--- Data excerpt Enclosed Below ---
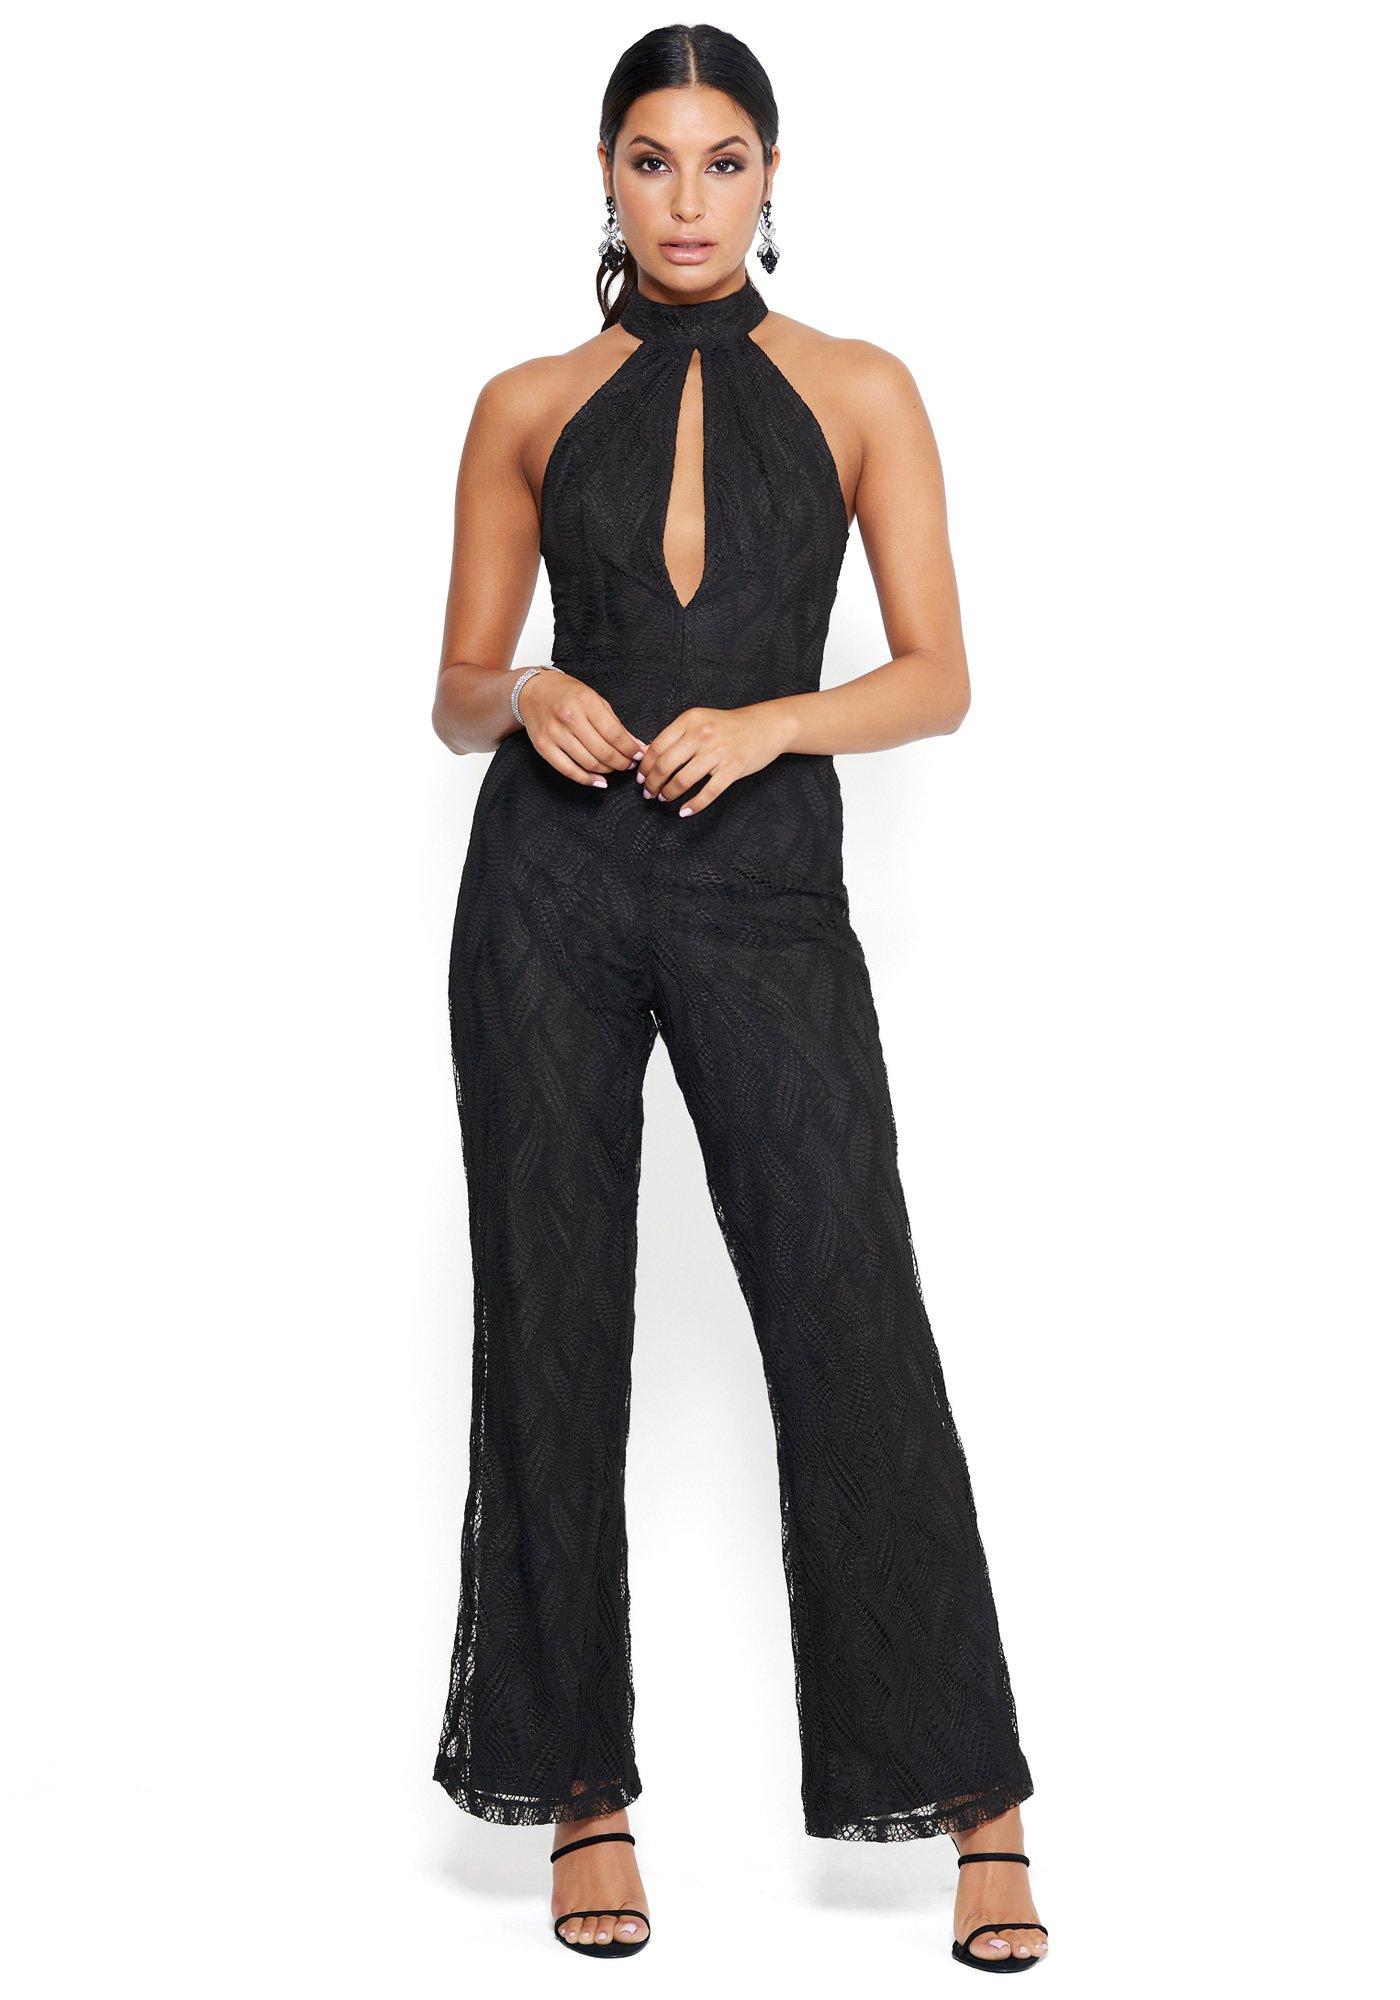 Bebe Embroidered Lace Jumpsuit in Black - Lyst
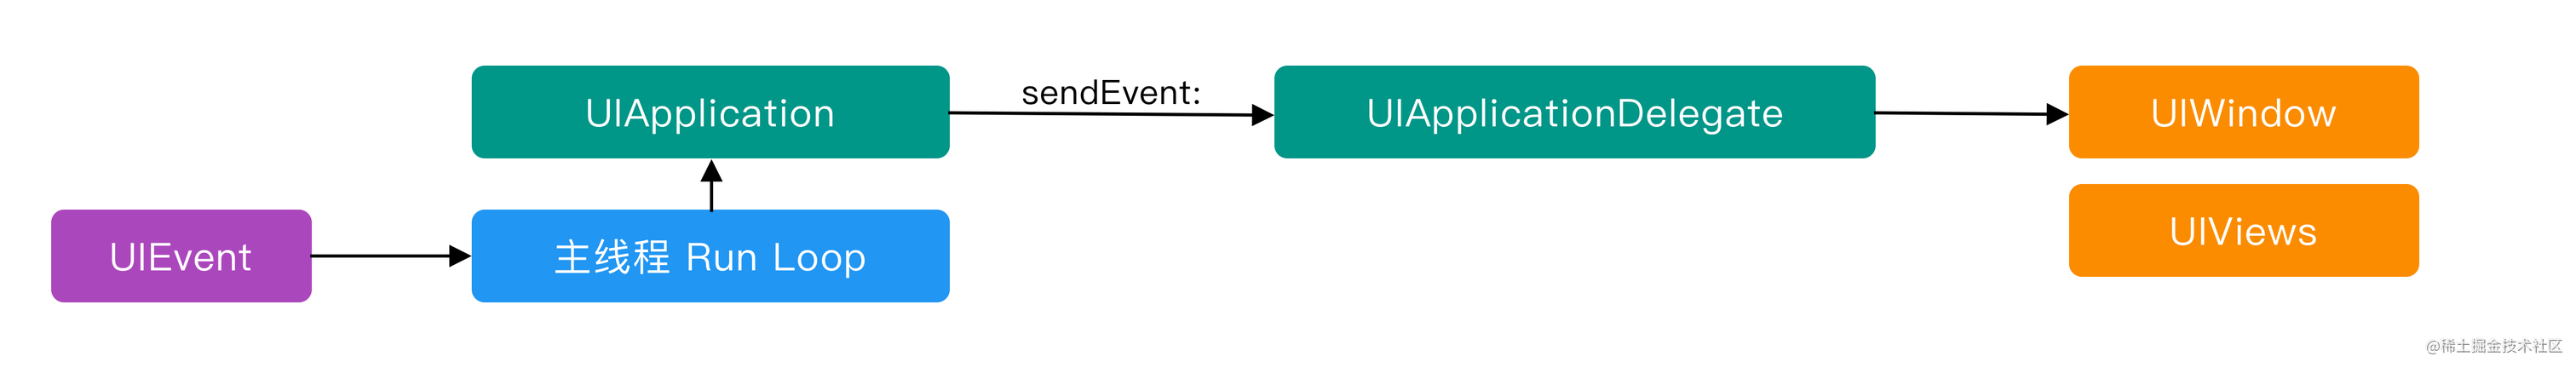 UIApplicationPipeline.png
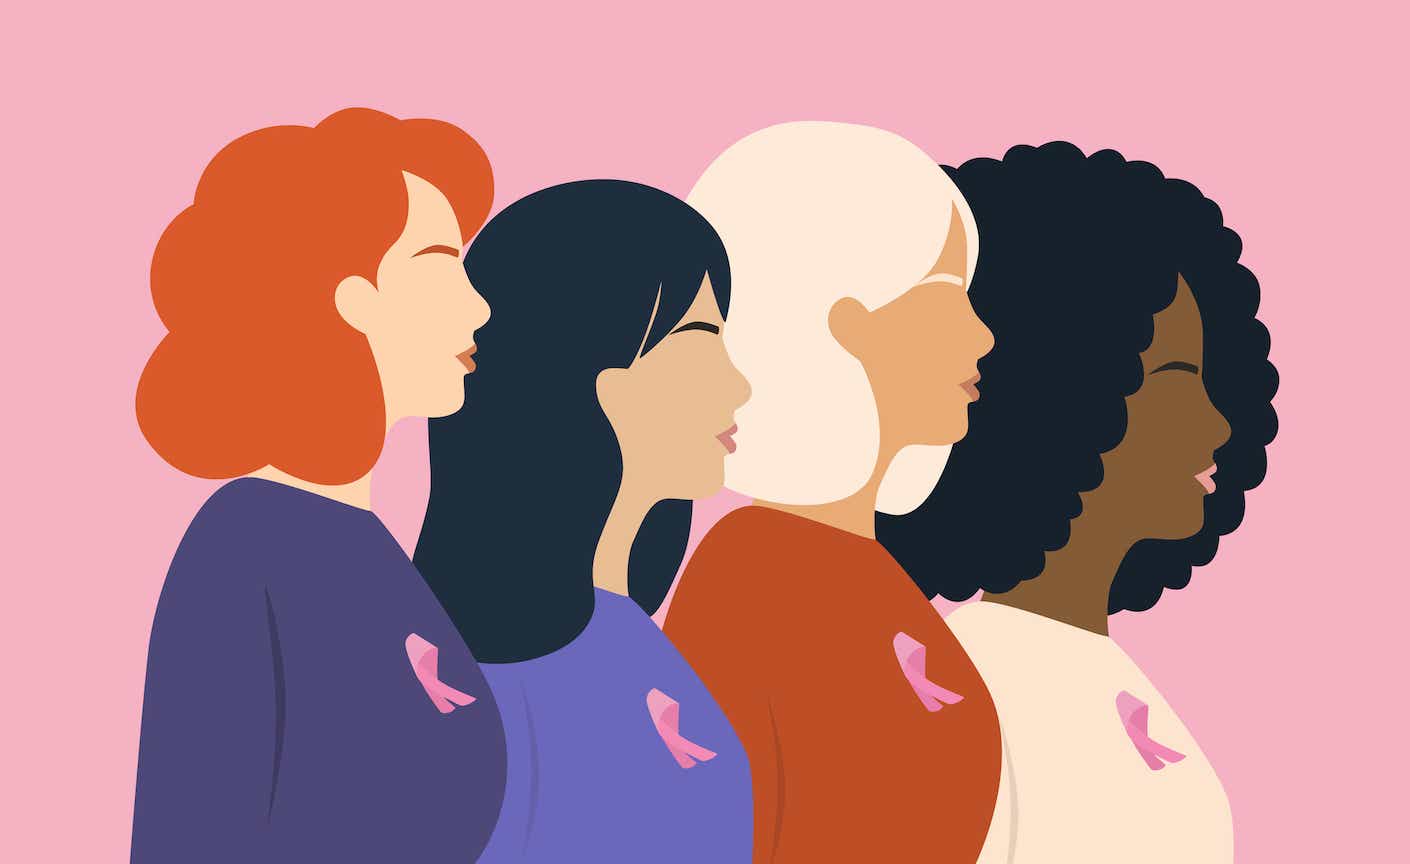 Illustration of four women with breast cancer ribbons
--- End of Enclosed Data excerpt ---
▶ What to produce: The reply should consist of the listing restated word for word, with its pictures removed.

▶ Completed task:
 Bebe Embroidered Lace Jumpsuit in Black - Lyst
 UIApplicationPipeline.png
 Illustration of four women with breast cancer ribbons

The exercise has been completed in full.